In today’s reading from Acts, Luke echoes the Feast of Weeks, the celebration in thanks for the divine gift of rain to make the crops grow, in presenting the coming of the Holy Spirit upon the disciples gathered in the Upper Room which has been their refuge since Jesus was crucified on the first day of the Paschal festival, and rose from the dead on the third day. Today, God sends the Holy Spirit so that there might be a new harvest, not of grain, but of souls. The disciples have kept the Upper Room as their meeting place, even after the Resurrection, and a cloud of fear has come over them since Jesus rose into the heavens just three days ago. Now, the Holy Spirit comes and the cloud of fear has burst; the graces of courage and wisdom are pouring out like rain upon the disciples. Now they will go out into the Temple Square to bring the message of salvation through faith in Jesus Christ to the peoples of every place and time.
The people there are gathered to celebrate Shavuot, but few of them speak Hebrew, which has become a liturgical language, not an everyday mode of communication. Yet when the Apostles begin to preach the people in the square are bewildered, because each one of them hears the message in his native language. “Aren’t these men all Galileans?
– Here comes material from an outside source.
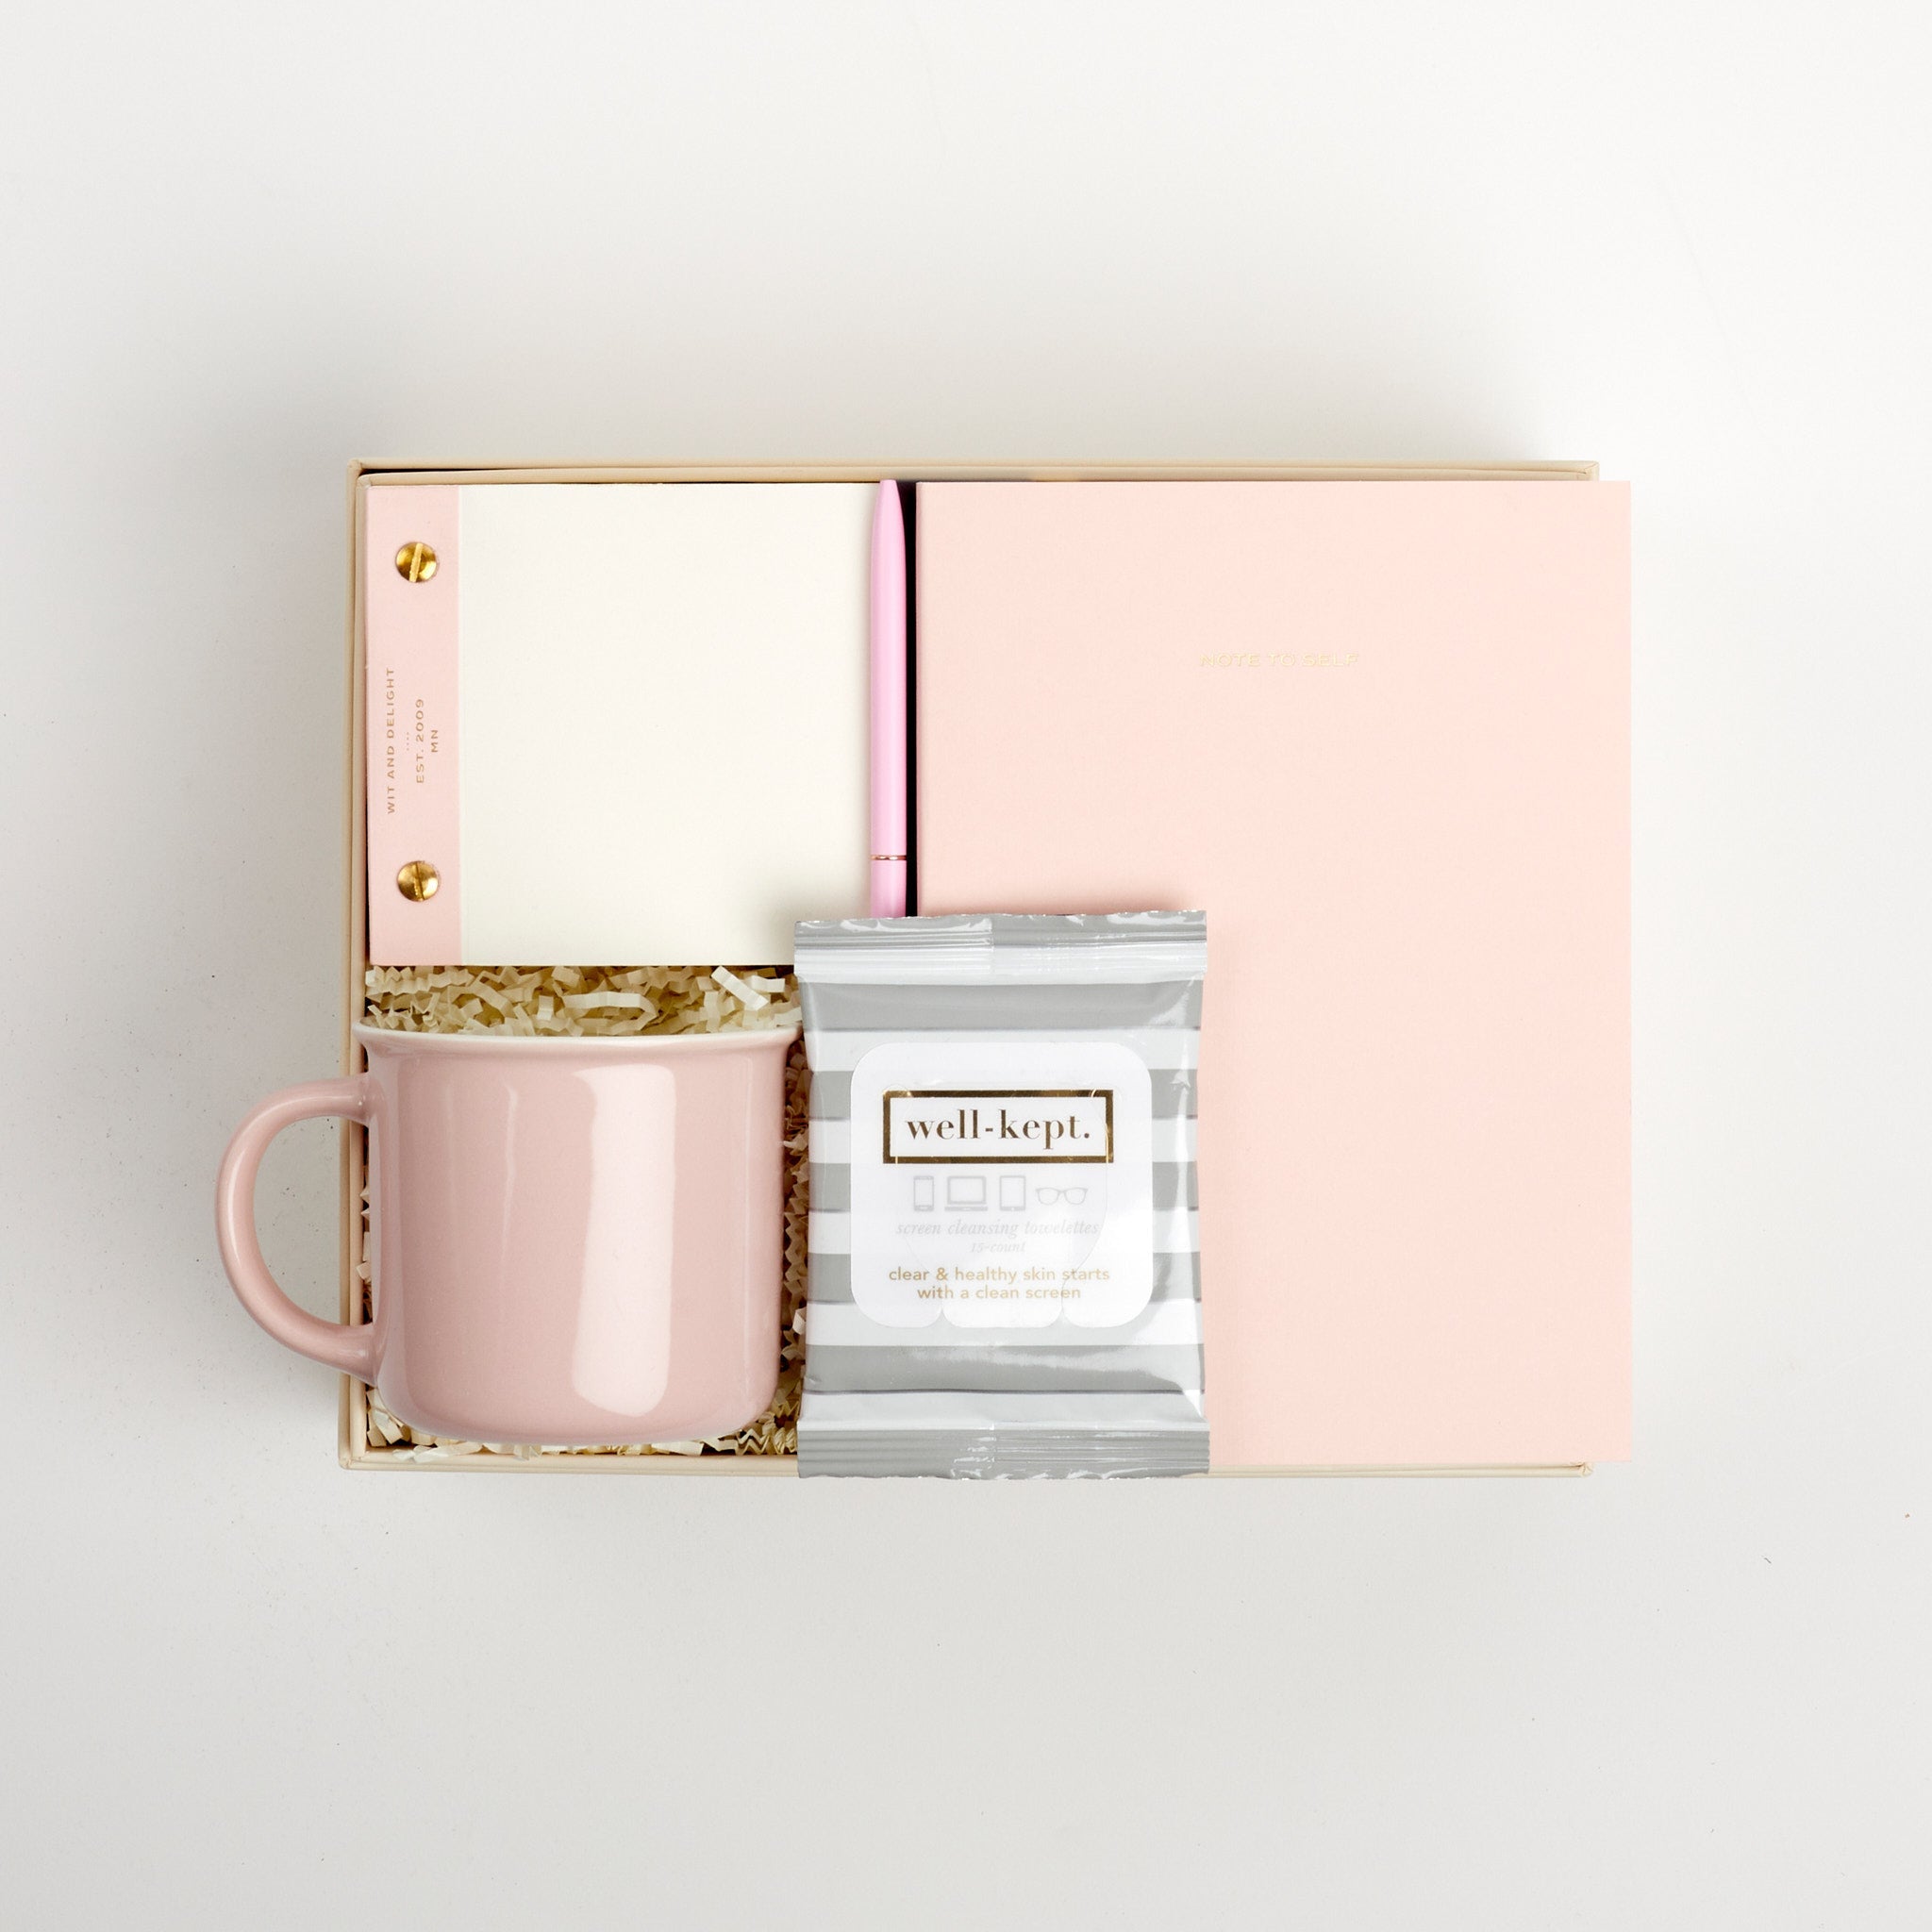 BOXFOX Original Creme Hustle Gift Box packed with Wit & Delight Pink Note to Self Journal, BOXFOX Pink Ceramic Mug, Well-Kept Hampton Tech Wipes, Sugarpaper Pink To Do Pad, and BOXFOX Pink Bullet Pen.

How is that that each of us hears them in his own native language?” Luke’s list begins with Parthians, Medes and Elamites from Asia; it continues with Egypt and Lybia in Africa; and concludes with visitors from Rome, in Europe – the entire world known to the people of that time and place. And all of them hear the wonders of God proclaimed in their own language!
Today’s gospel is John’s account of Jesus “breathing” the Holy Spirit upon the Apostles. As in Luke’s account, the disciples are gathered in the Upper Room hiding in fear. Here again, after receiving the Holy Spirit, they are sent forth to preach and teach the Good News of salvation to the people of the whole world. John is writing several decades after the event, and he has no particular interest in the chronology of Jewish festivals – Pesach and Pentecost. His focus is not chronology but theology. Jesus’ breathing forth the Spirit echoes the creation of the universe from the abyss of nothingness by the breath of God in the first chapter of Genesis. In Greek hagia pneuma, in Latin, sanctus spiritus, in English – holy breath or Holy Spirit. In John’s perspective, the ever on-going process of creation is to bring to a world which is not “unformed” as it was at the beginning, but “deformed” by the weakness and wickedness of humankind, the charismatic gift of God’s Spirit, the source of love and peace.
We are not called to ask God to “breathe again” upon his creation. Rather, we celebrate that the Spirit of God has been breathing on the created universe since the moment at which time began. We ask that our minds and hearts might be fully open to the inspiration of the Spirit, giving fuller form and substance to our mission as God’s people, sent forth into our selves, our homes, our neighborhoods, our cities, our nation, and our world – in that order. If we want God’s positive will to be done, on earth as it is in heaven, we must be the instruments by which that goal will be accomplished. For that to happen, each and every one of us must echo a familiar saying: “Our work must truly be God’s own.”